The city’s Transportation Commission and Department of Transportation staff had recommended that Valley Cab’s monopoly not be disturbed, at least for the time being. Two companies will result in “cutthroat competition” that could result in poorer service to customers, a transportation department executive warned the council.

The competition would not be reflected in fares--which are established by the city--but on the basis of response times, cleanliness and comfort of cabs and other customer amenities.

Masood Babaeian, the Babaeian firm’s president, said he would quickly submit a bid to operate a second franchise. Transportation department officials said they expect bids to be accepted by the city during a one-month period, probably ending in late July.

Babaeian, whose firm now owns all cabs operating in Glendale, Burbank and Pasadena, also said in an interview that there is sufficient demand for cabs in the Valley to support two companies.
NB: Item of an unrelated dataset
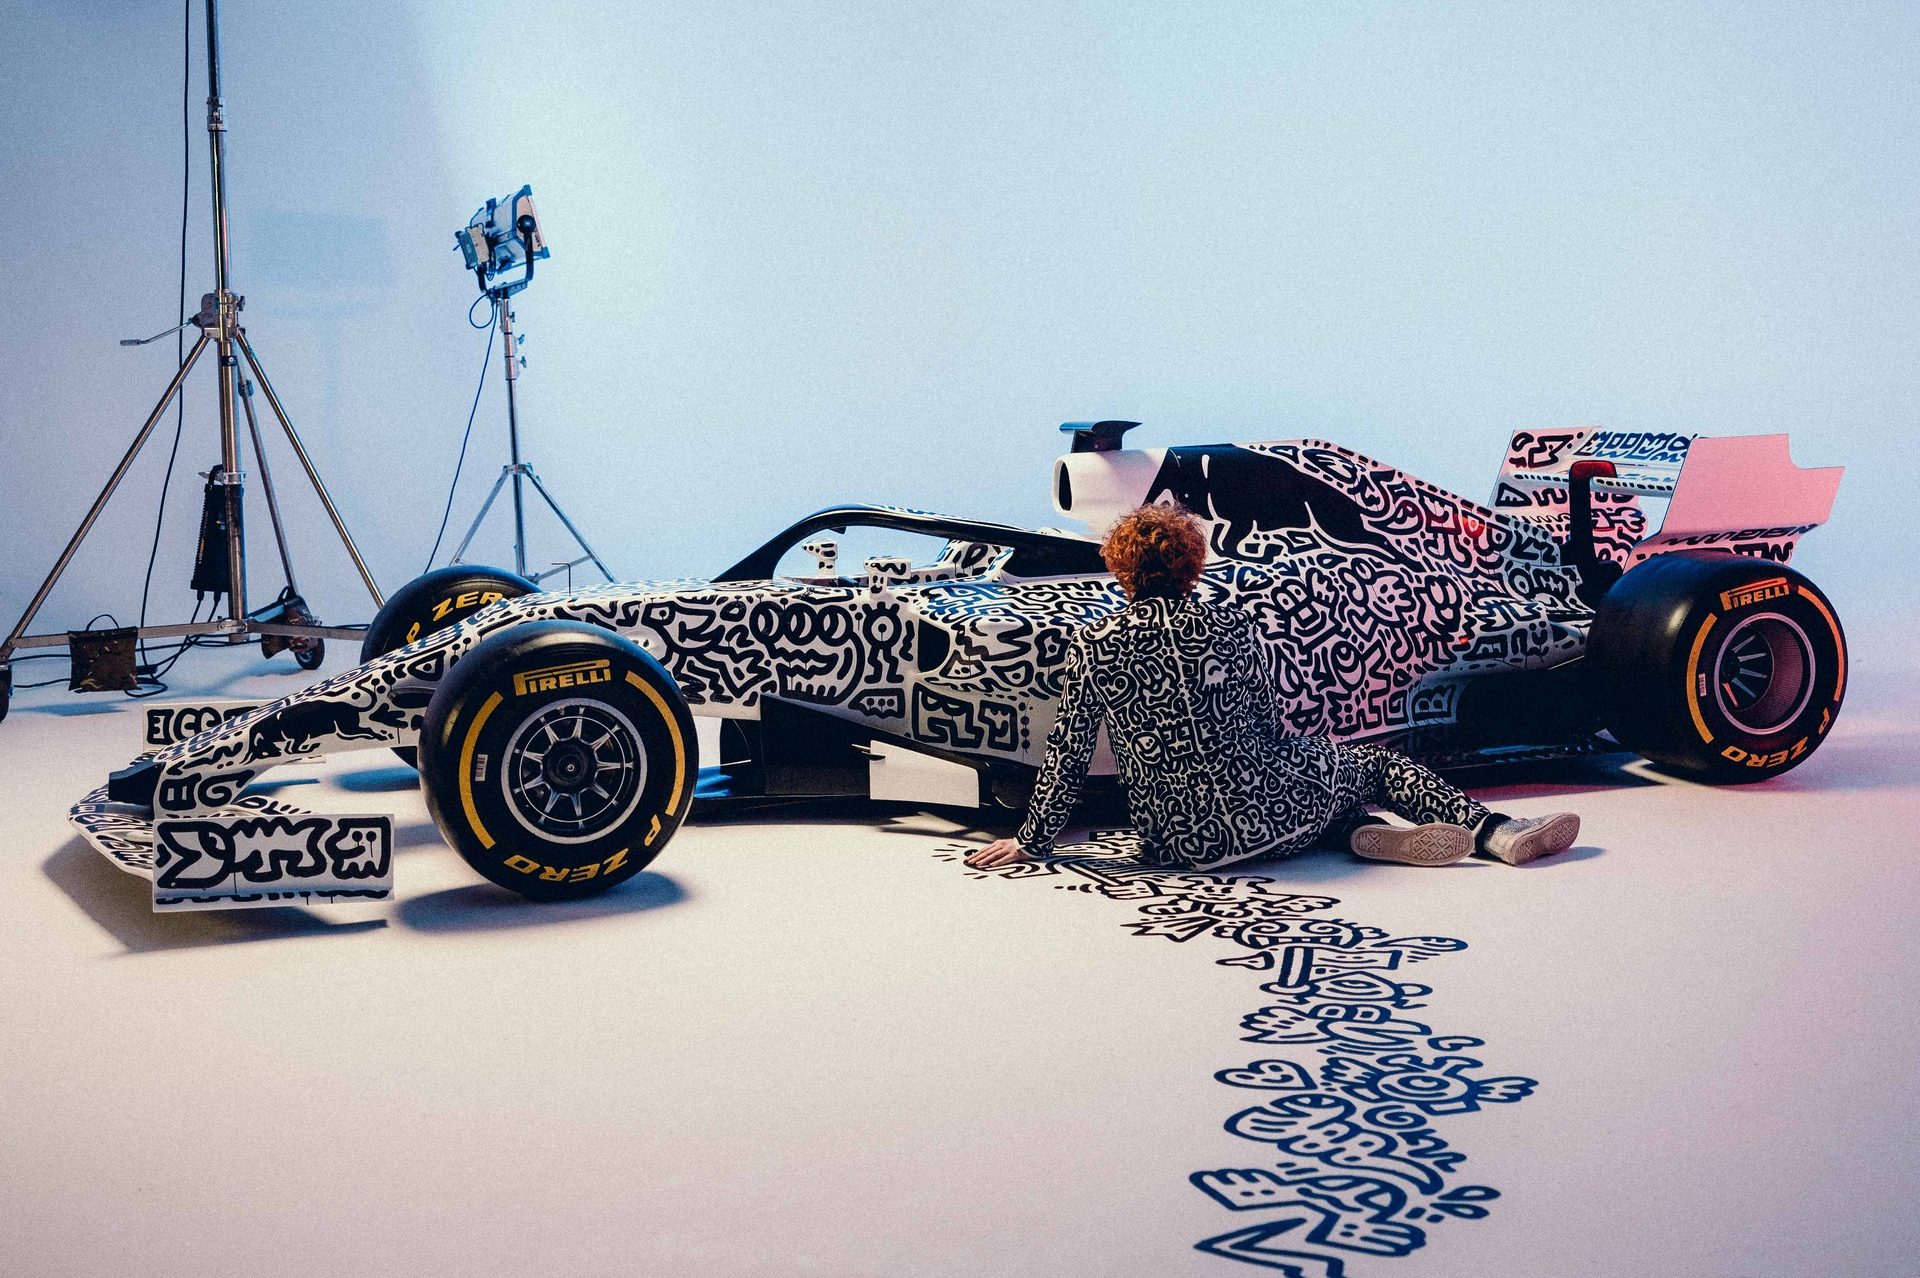 Mr. Doodle seen during a photo shoot of the collaboration of Red Bull Racing and Mr. Doodle with the RB14 in London, United Kingdom in 2023. // Red Bull Racing / Red Bull Content Pool // SI202301310383 // Usage for editorial use only //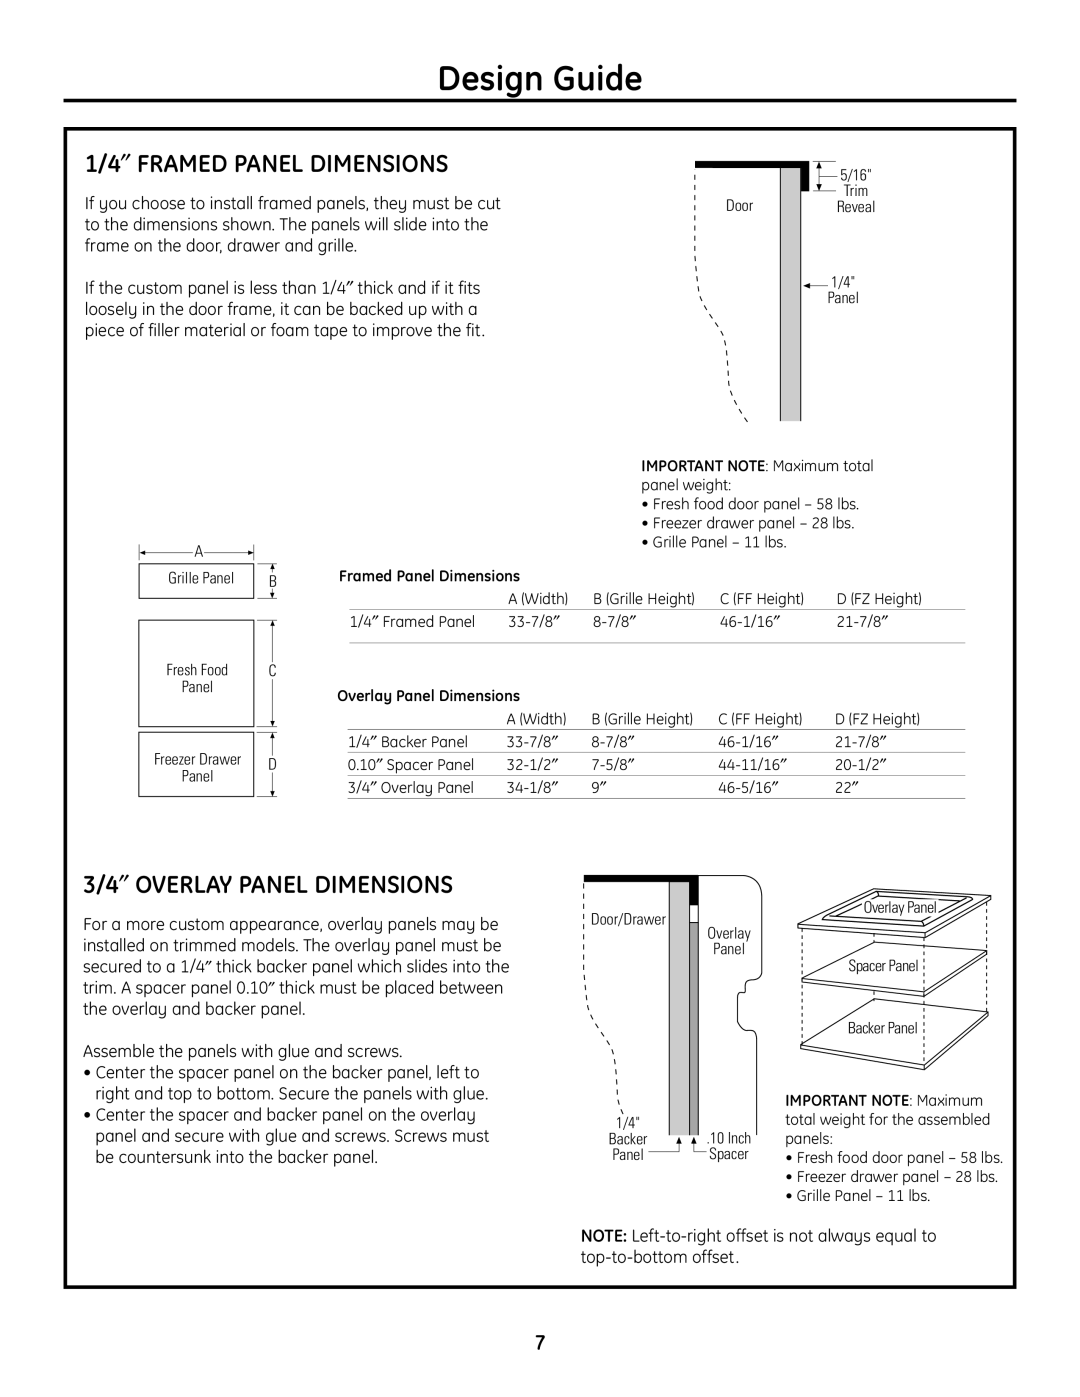 GE 49-60468-1 installation instructions 1/4″ FRAMED PANEL DIMENSIONS, 3/4″ OVERLAY PANEL DIMENSIONS, Design Guide

But he added, “I wouldn’t be surprised if Valley Cab goes out of business” if the two firms compete.

Valley Cab General Manager Thomas Hefferan did not return a reporter’s phone calls.

Babaeian’s campaign to break the Valley Cab monopoly included using focus groups to test consumer interest in cab service, hiring ex-councilman Art Snyder’s law firm to lead the lobbying assault and bringing two busloads of senior citizen cab backers to City Hall on Tuesday.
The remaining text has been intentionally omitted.